• AiNews.com
  • Posts
  • Mistral Releases Pixtral 12B: A Multimodal AI Model for Text & Images

Mistral Releases Pixtral 12B: A Multimodal AI Model for Text & Images

High-tech visualization of Mistral's Pixtral 12B AI model, highlighting its multimodal capabilities for processing text and images. The interface displays both text inputs and image analysis, with labels indicating tasks such as image captioning and object counting. Abstract digital elements, including data streams, neural networks, and AI-generated text layers, surround the model, symbolizing its large language model properties. The overall design is sleek and futuristic, representing the advanced integration of AI in processing both visual and textual information.

Image Source: ChatGPT-4o

Mistral Releases Pixtral 12B: A Multimodal AI Model for Text & Images

French AI startup Mistral has made waves with the release of Pixtral 12B, its first model capable of processing both images and text. With 12 billion parameters, the model measures around 24GB in size, and in general, models with more parameters tend to demonstrate better problem-solving capabilities. This makes Pixtral 12B a powerful addition to Mistral’s lineup.

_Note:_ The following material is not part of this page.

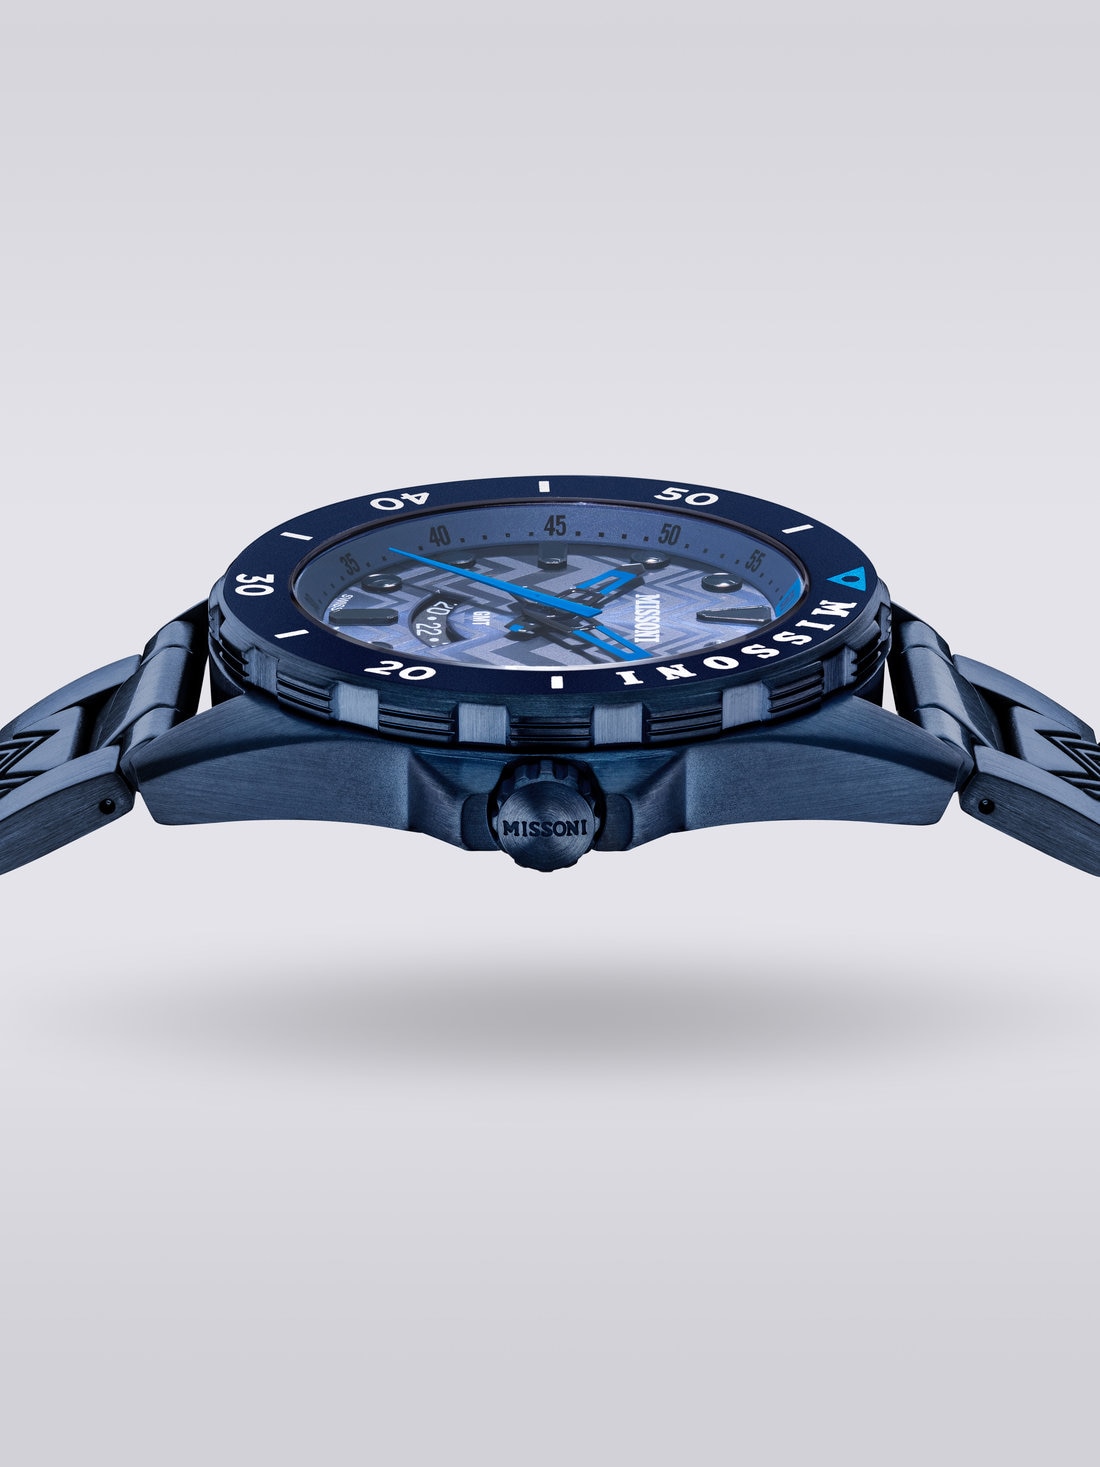 Missoni Gmt 43mm  watch , Blue - 8051575781834 - 3

Capabilities of Pixtral 12B

Built on Mistral’s Nemo 12B text model, Pixtral 12B is capable of handling an arbitrary number of images of various sizes, using either URLs or base64-encoded images. The model's applications are similar to other multimodal models like OpenAI's GPT-4o and Anthropic's Claude family, allowing it to perform tasks like captioning images and counting objects in photos.

Access and Availability

Pixtral 12B is available for download via a torrent link on GitHub and through the Hugging Face AI platform. It comes with an Apache 2.0 license, allowing for unrestricted use and fine-tuning. A Mistral spokesperson confirmed the licensing in an email. However, at the time of publication, no web demos were available for testing. Sophia Yang, Mistral’s head of developer relations, has indicated that Pixtral 12B will soon be available for testing on Mistral’s chatbot and API platforms, Le Chat and Le Plateforme.

Uncertainty Around Training Data

It’s not yet clear which image data was used to train Pixtral 12B. Most generative AI models are built on large datasets collected from public sources across the web, which can sometimes include copyrighted material. This has sparked controversy and legal disputes, with some companies claiming “fair use” rights while copyright holders argue otherwise. Lawsuits have already been filed against major players like OpenAI and Midjourney regarding the use of such data.

Mistral’s Rapid Rise in the AI World

The release of Pixtral 12B follows Mistral’s successful $645 million funding round led by General Catalyst, which valued the company at $6 billion. Despite being just over a year old, Mistral — partly owned by Microsoft — is already being recognized as Europe’s answer to OpenAI. The company’s strategy includes releasing free open models while offering managed versions for corporate customers and providing consulting services.